The next seven months were LONG. We went through IVF; with that came a broken hand and surgery five days before our egg retrieval. (insert about a million eye roll emojis). You can imagine how lovely I was with a broken hand, and pumped full of hormones. I love you sooooo much Braxton. During those seven months, we were able to meet our sweet gestational carrier. I don’t have words for her. I will never be able to explain how much her sacrifice means to us. She is changing our life in a way that no one else can. At the end of those seven months, in November of 2017, we were able to transfer two embryos. It’s funny. At the transfer, I know they weren’t our sweet babies yet, but when I saw them, I can’t explain to you the amount of love I had for them. They were so tiny and perfect. But most importantly, they were OURS.
Twelve days after the transfer, we got the news that we were going to be parents!!!!!!!!!! November 25th. A day I will remember forever. It was so special for us, to finally see our dreams coming true. Then, to find out a few weeks later that it was TWINS. (Twins is a story for another day because… Well, oh boy. Bring it on!) Life was amazing!
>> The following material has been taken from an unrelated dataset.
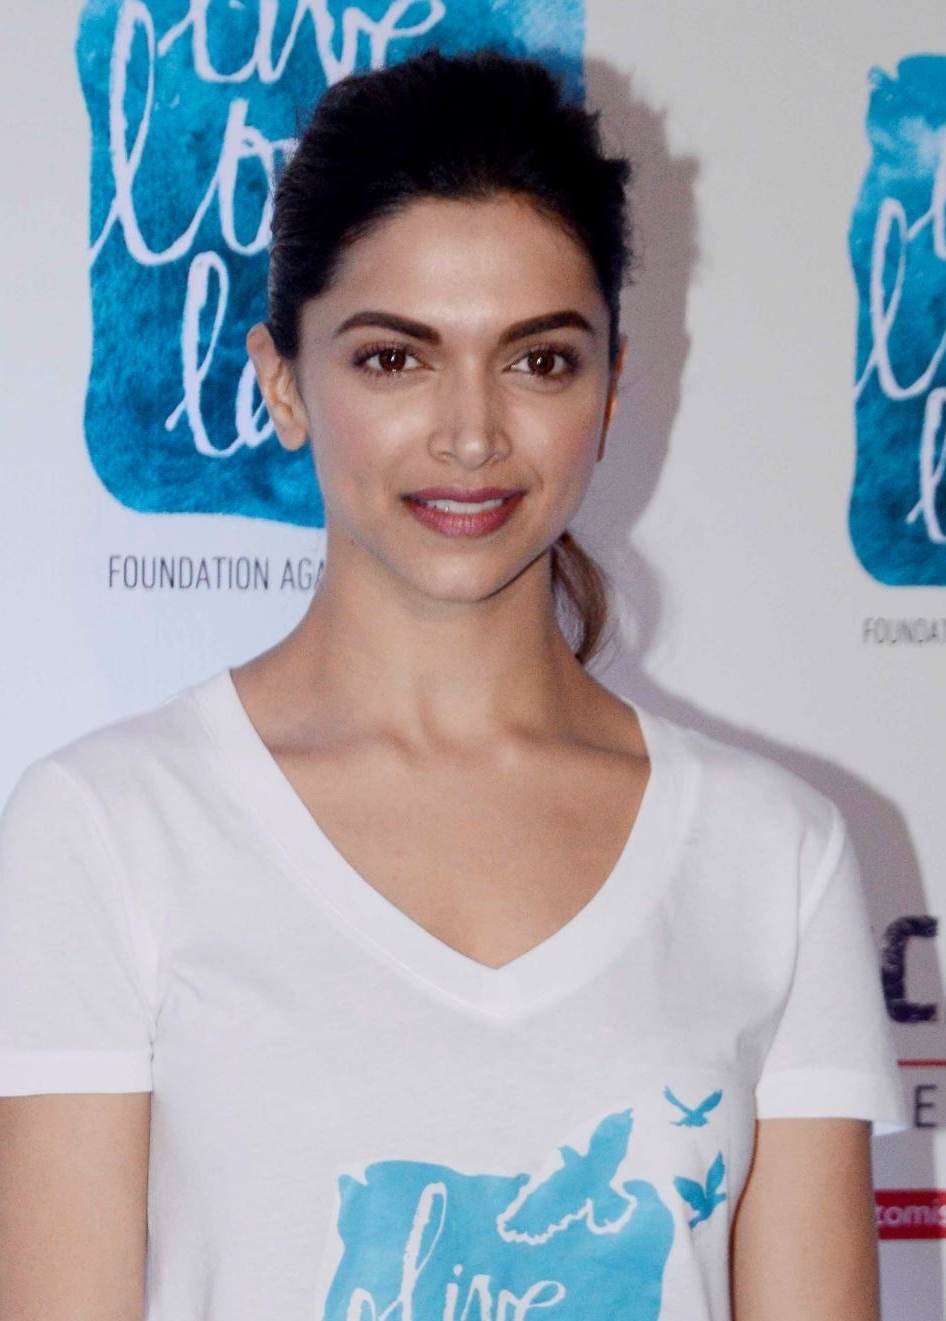 Hot Deepika Padukone Photos In White Top

This journey is one that has changed my life forever. It was hard. It was ugly. There were and still are tears, both happy and sad. But in the end, this journey has shaped me into the person I am today. I joke that I am constantly in a cycle of the five stages of grief. I am angry. Why did this happen to me? Why will I never get to feel the flutter of a baby inside me? Why will I never get to give birth to my own child? I may never know the answers to those questions, but I do know that God has a plan for me. I have come to the realization that if I do what I am asked, and humble myself, that I will get to experience one of God’s greatest gifts. I will get to be a mother, maybe not in the traditional way. But I will get to hold my child. I will watch them run, play, and grow to be the amazing people I want them to be. If you are experiencing any sort of infertility, know that you are not alone. It is a battle, and there is a loving army right there with you; fighting, and fighting hard so that one day, we can all be mothers, someway somehow.”